99233 = 2.0 RVU = $100.00 (in my world)

That's right. I almost fell out of my chair. I wouldn't have believed it had my hospital not handsomely paid this consultant service to tell me this.

So instead of billing a 99255 (for $192.00), I get $100 for my 99233. Unless I squeak in prolonged services codes (which would be hard to justify in most cases), that is all Medicare tells us it's worth to start from scratch with a broken patient and fix them.

So how do you preserve the consultation code? You have to document the following:

1. That another provider has requested an advice, opinion, recommendation, suggestion, evaluation, direction or counsel concerning the patient problem or treatment options. (Caveat: the consultant is allowed to initiate treatment during the first consult.)
2. A report with the advice must be sent by the receiving provider to the requesting provider.
3. Make it clear that you are walking away from the patient.

The premise here (and it's not entirely without merit) is that the physicians requesting your opinion should be able to handle the diabetes, the hypertension, the pre-renal azotemia, as long as we give them a small refresher course in the form of a consult. They did, after all, go to medical school as well. Some of them are even Board Certified in Internal Medicine.

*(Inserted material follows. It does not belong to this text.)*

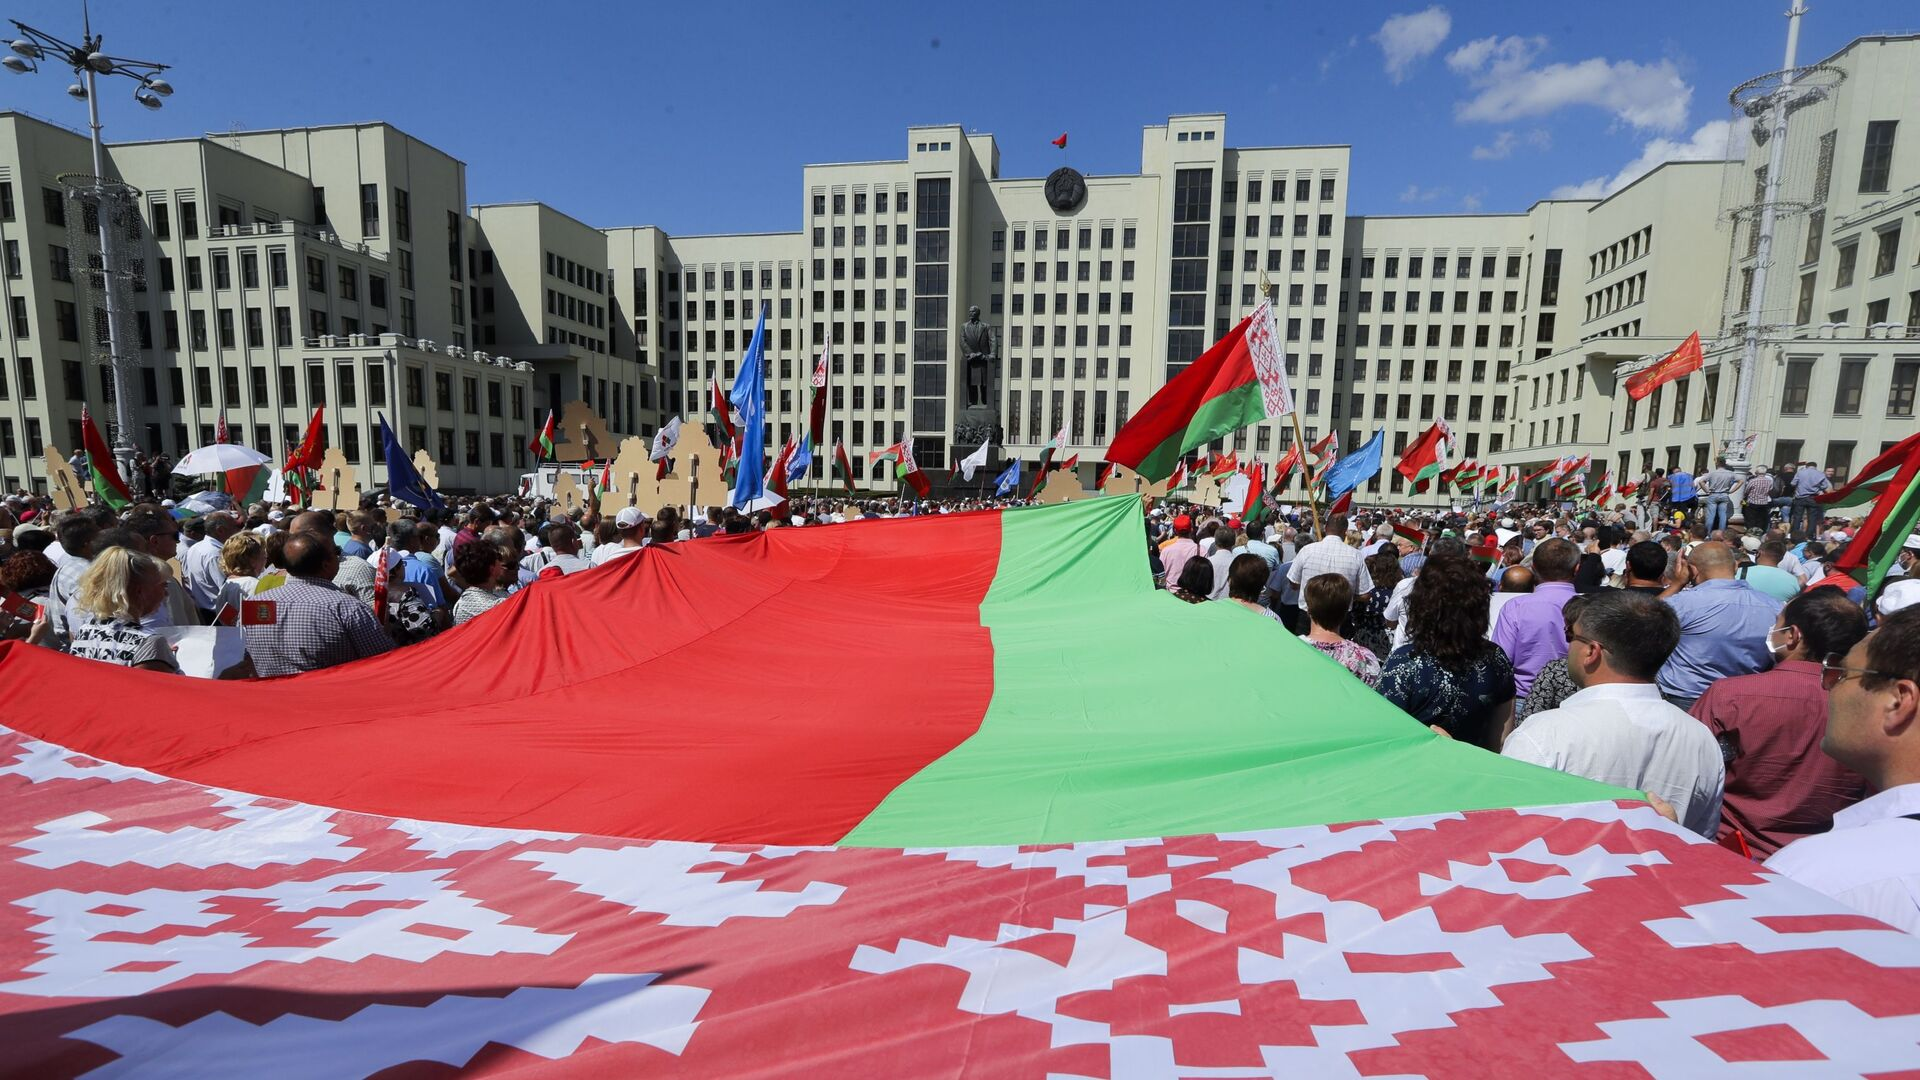 Il comizio a sostegno di Lukashenko a Minsk - Sputnik Italia, 1920, 04.06.2021
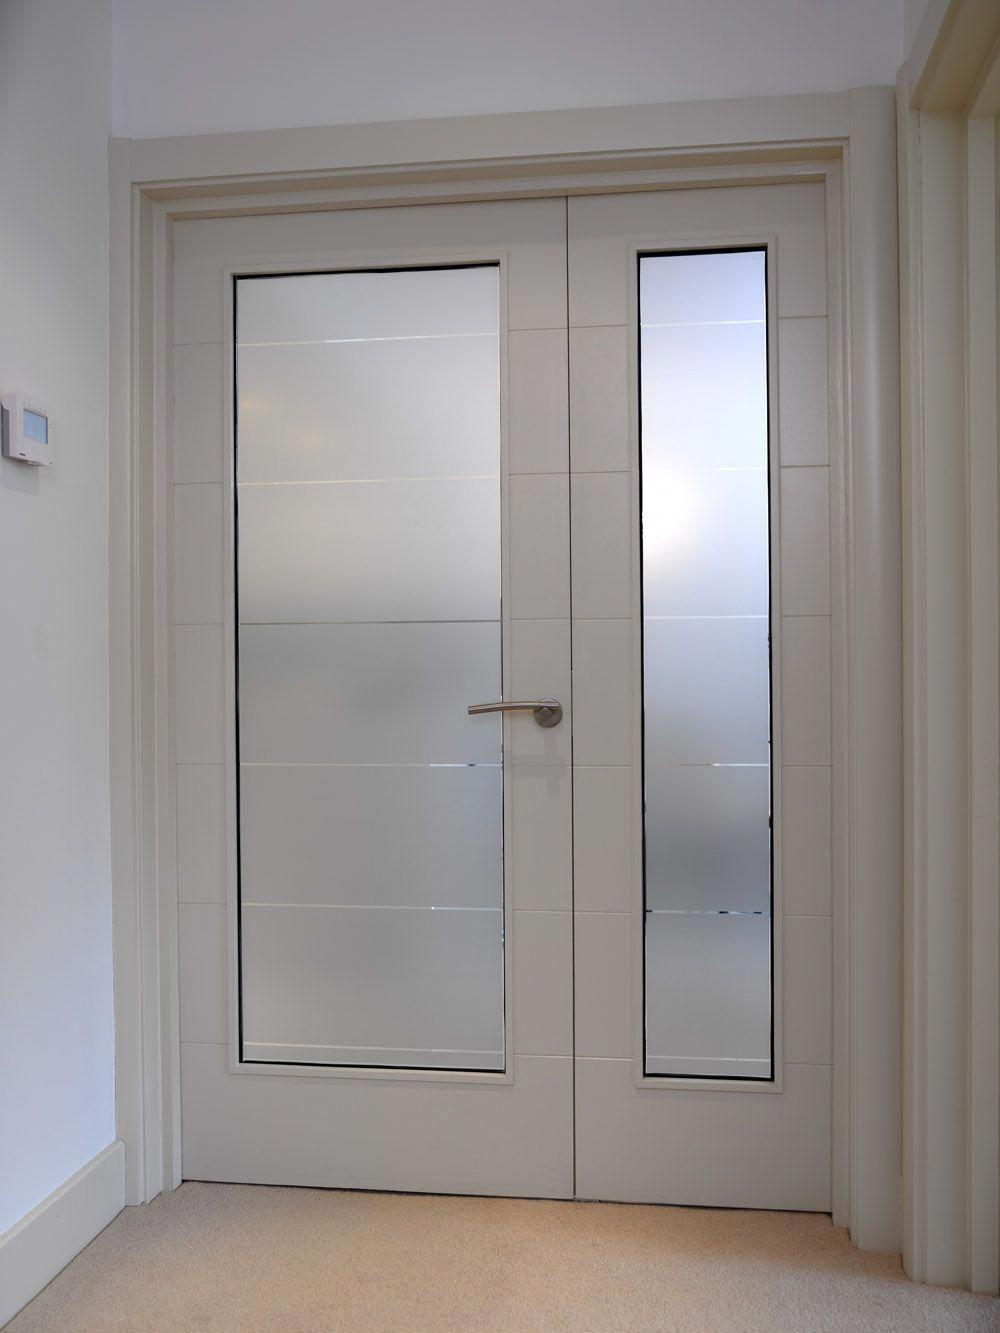 Glass Panel Internal Doors Oak Front Doors Internal Doors Prices 20181126 Glass Doors Interior Internal Glass Doors Internal Wooden Doors

So what is this going to mean? I suspect there will be more snipping between internist and subspecialists. Now, these rules also apply to the subspecialist. But really... who cares about the difference between a daily note and a consult when you're performing your interventional cardiac cath? Or endoscopy? It's but a piss in the wind for those guys. But for some internists (thankfully not our hospitalist group), it's lifeblood. And suddenly the $100 dollars you lost by reclassification of your note as a "Transfer of Care" adds up.

I suspected that Medicare would focus some sniperfire on hospitalists before long. I just didn't think it was going to happen with such alacrity.